Case history

Case history #1

A 65-year-old man presents with fever and respiratory distress. He rapidly develops progressive hypoxia and hypotension requiring ventilator support and pressors. Efforts to reposition the patient result in marked desaturations. One week later, following stabilization of his medical condition, he is noted to have an extensive area of tissue damage over his sacral region.

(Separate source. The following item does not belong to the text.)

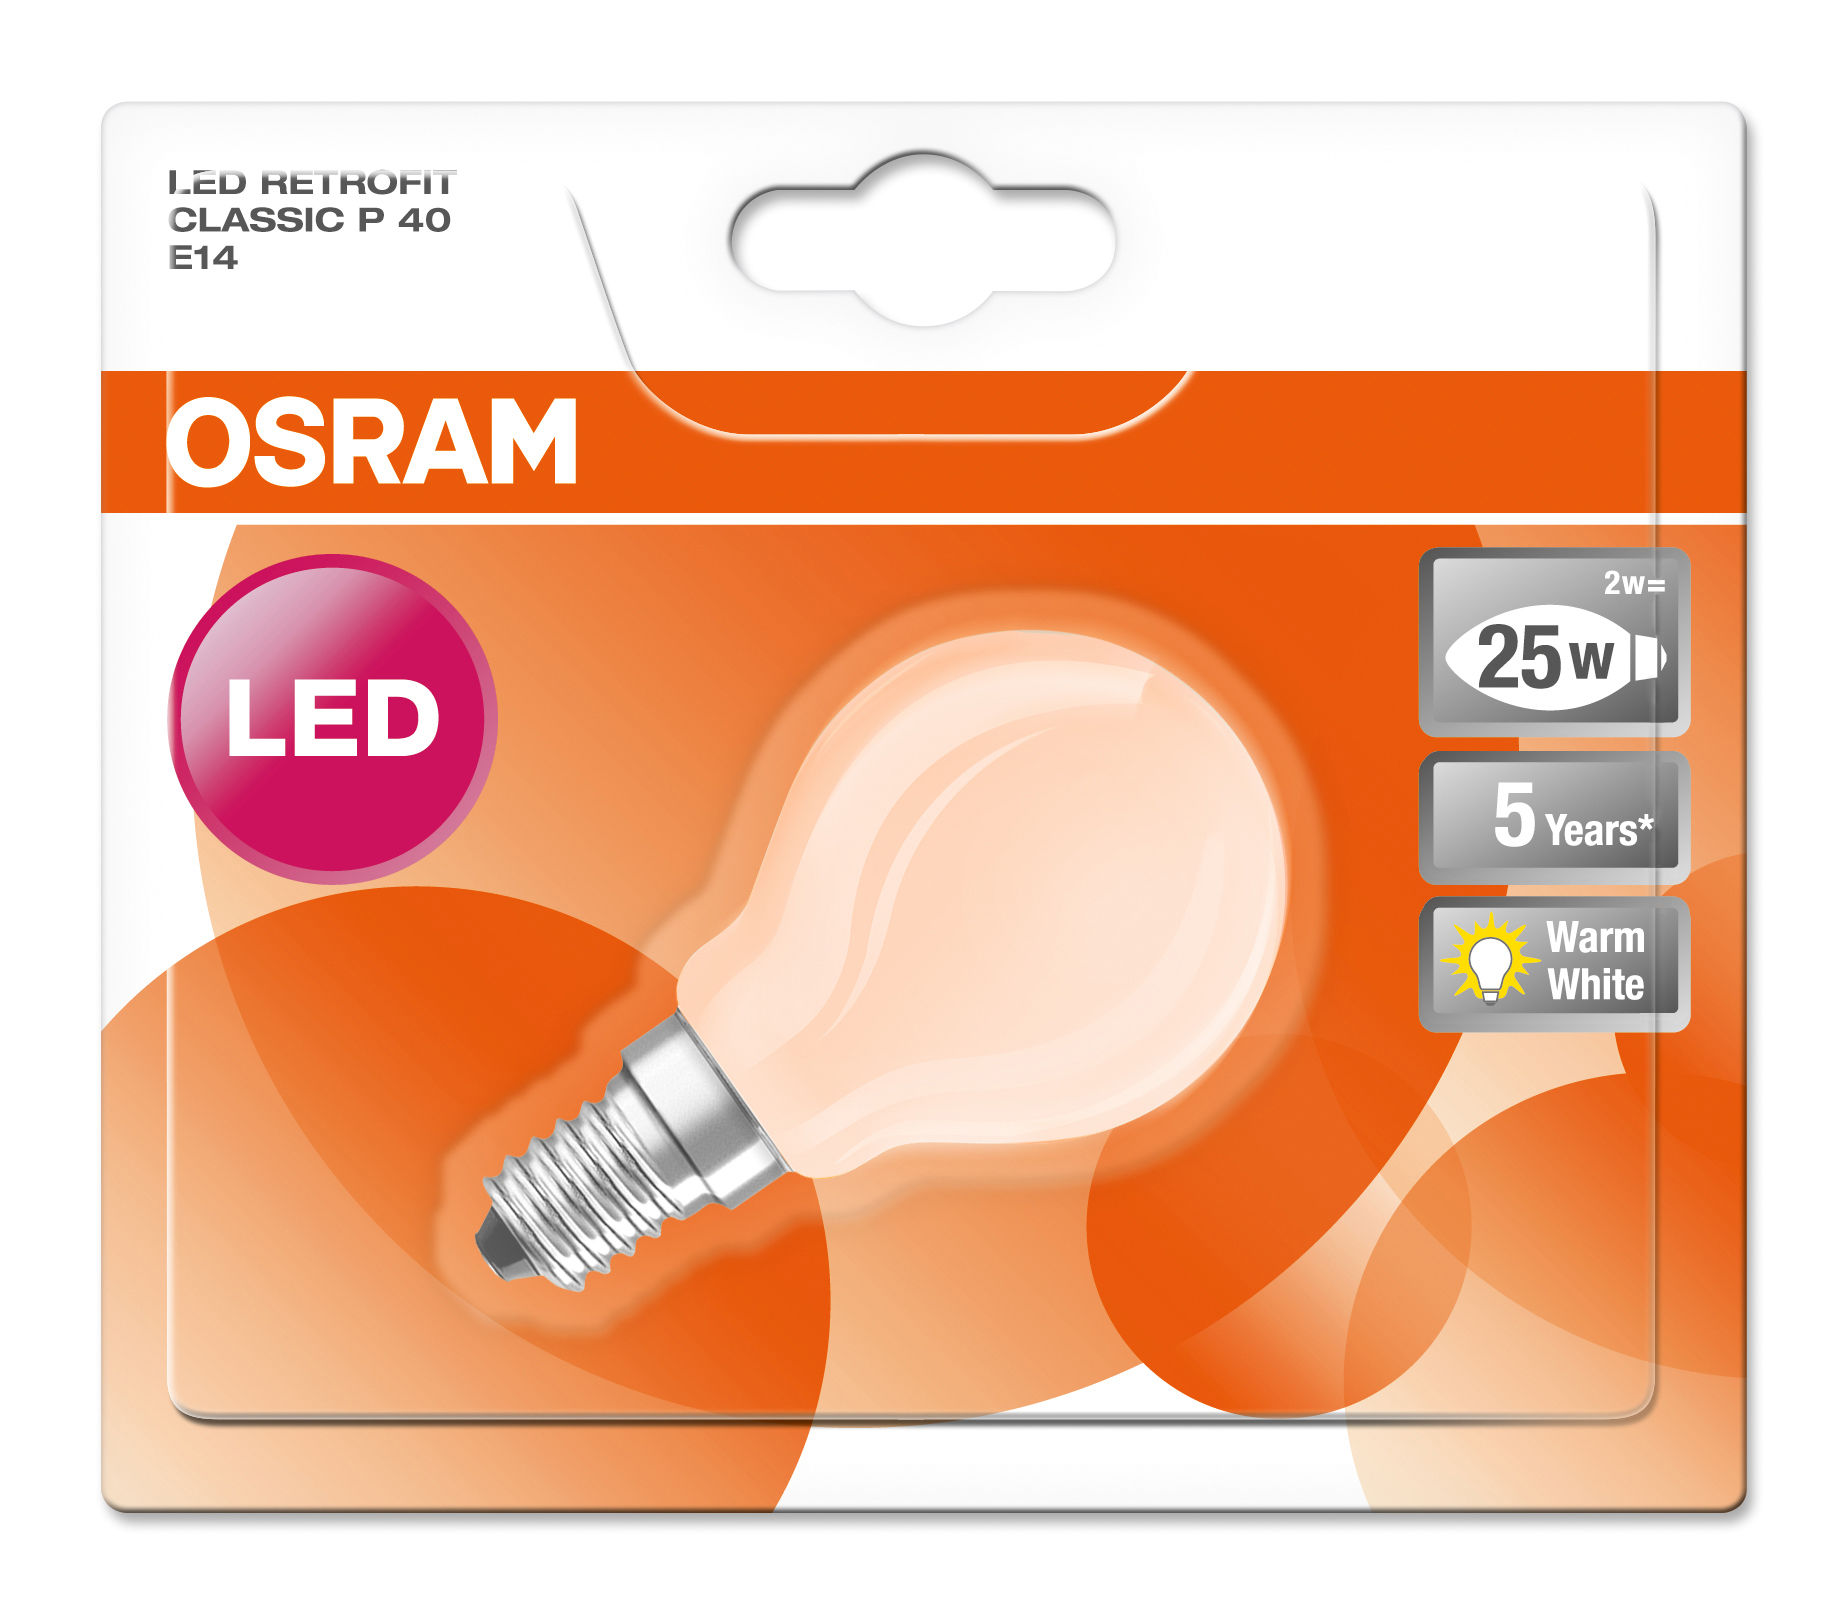 Krisane - ampoule LED E14 d'intérieur (réfrigérateur) 3W blanc

The damage around the margin of the wound appears relatively superficial, with some signs of partial skin loss. Toward the center, directly over the sacrum, is an area of necrotic tissue, which is starting to separate spontaneously, exposing a cavity containing viscous yellow slough. A purulent discharge is draining from this cavity.

Case history #2

An 80-year-old woman in a residential care facility, who has recently suffered a stroke with a resulting right hemiplegia, presents with a painful area on the right heel. On examination the heel is found to be covered with a layer of hard, black, necrotic tissue with a leathery appearance.

Other presentations

Pressure ulcers, while typically thought of as a condition of frail elderly patients, may occur among patients of any age and in any setting. When not located over a bony prominence, pressure ulcers are usually the result of an external device. Examples include oxygen tubing causing a pressure ulcer on the ear or a lower leg cast causing an ulcer on the leg. External devices may also cause mucosal pressure injury.